I'm not fucking around.

I'm trying to expand this shtick so you don't accidentally see who it is before guessing.

God, I hate my life.

Cinder: Salem, we've returned.

To no one's surprise, Salem's bottom bitch comes to her bidding... DAMN YOU, INTERNET!

Before Cinder could brown nose her mistress, she looks around at the absolute fuster cluck that the room is in.

Cinder: Were we attacked!?

Salem: No. Cinder, meet Chin Chin. Lord of the omniverse.

Cinder: Who of the what?

As Cinder does a double take on what the hell Salem said, her underlings soon enter the room as well. Albeit with a limp, considering their crotches still hurt from Frank's kicks. They too notice the shit condition of the room.

Mercury: Holy leg day, what the hell did we miss?

Chin Chin suddenly snaps his head up as he starts sniffing the air. The scent of something familiar in this world catching him off guard. He soon draws his attention towards Mercury.

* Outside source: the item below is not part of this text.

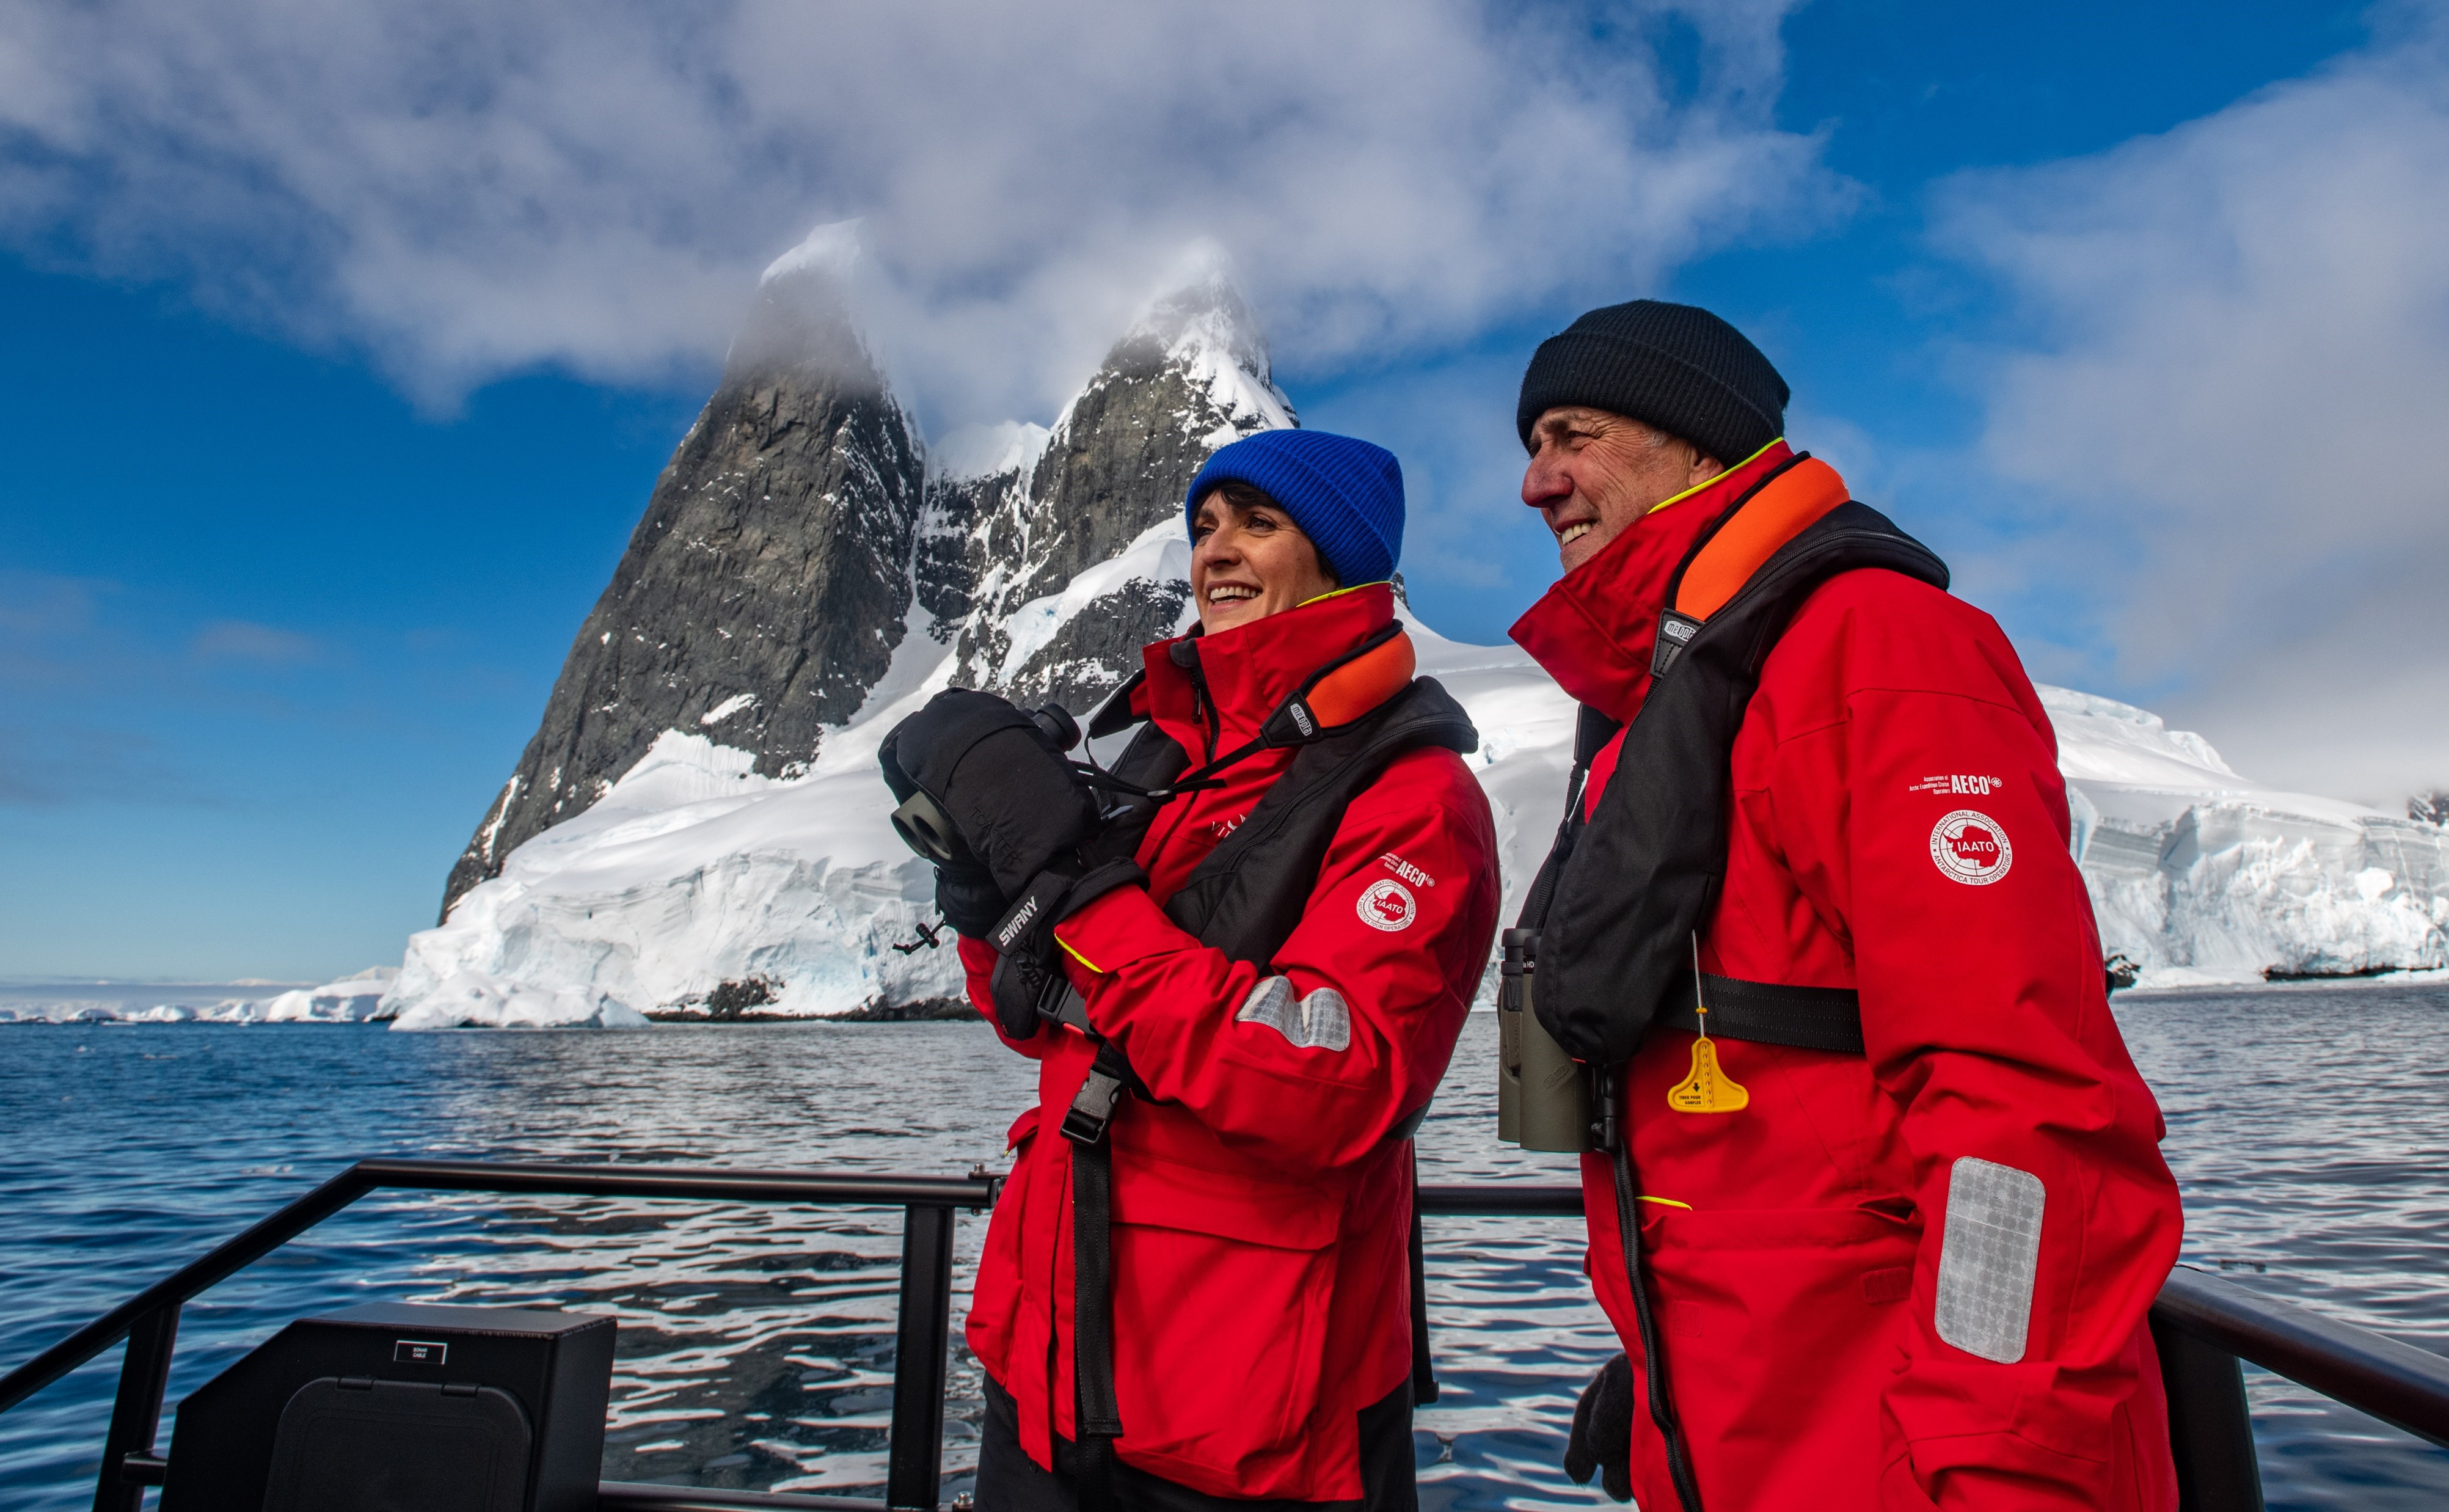 Viking recently announced its Viking Expedition Team has published a scientific paper documenting the Viking first Antarctic season 
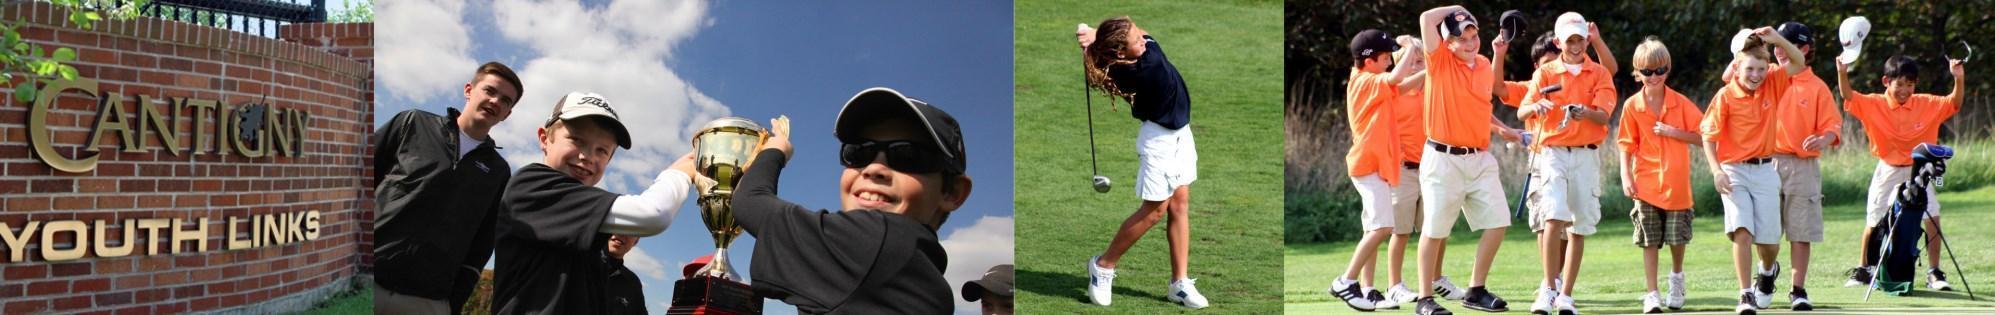 Cantigny Youth Links website header images

Mercury: The fuck is that?

The dark lord of retardation quickly leaps from the thrown and lands on all fours. Scuttling across the floor and right up to Mercury's balls in ludicrous speed. Taking a big ol' whiff of Merc's sore taint.

Mercury: WOAGH, WHAT THE FUCK?!

He jumps back in shock and disgust as he just curses out. Chin Chin couldn't care less as he now recognizes the smell he's been smelling. And it boiled his blood with hatred.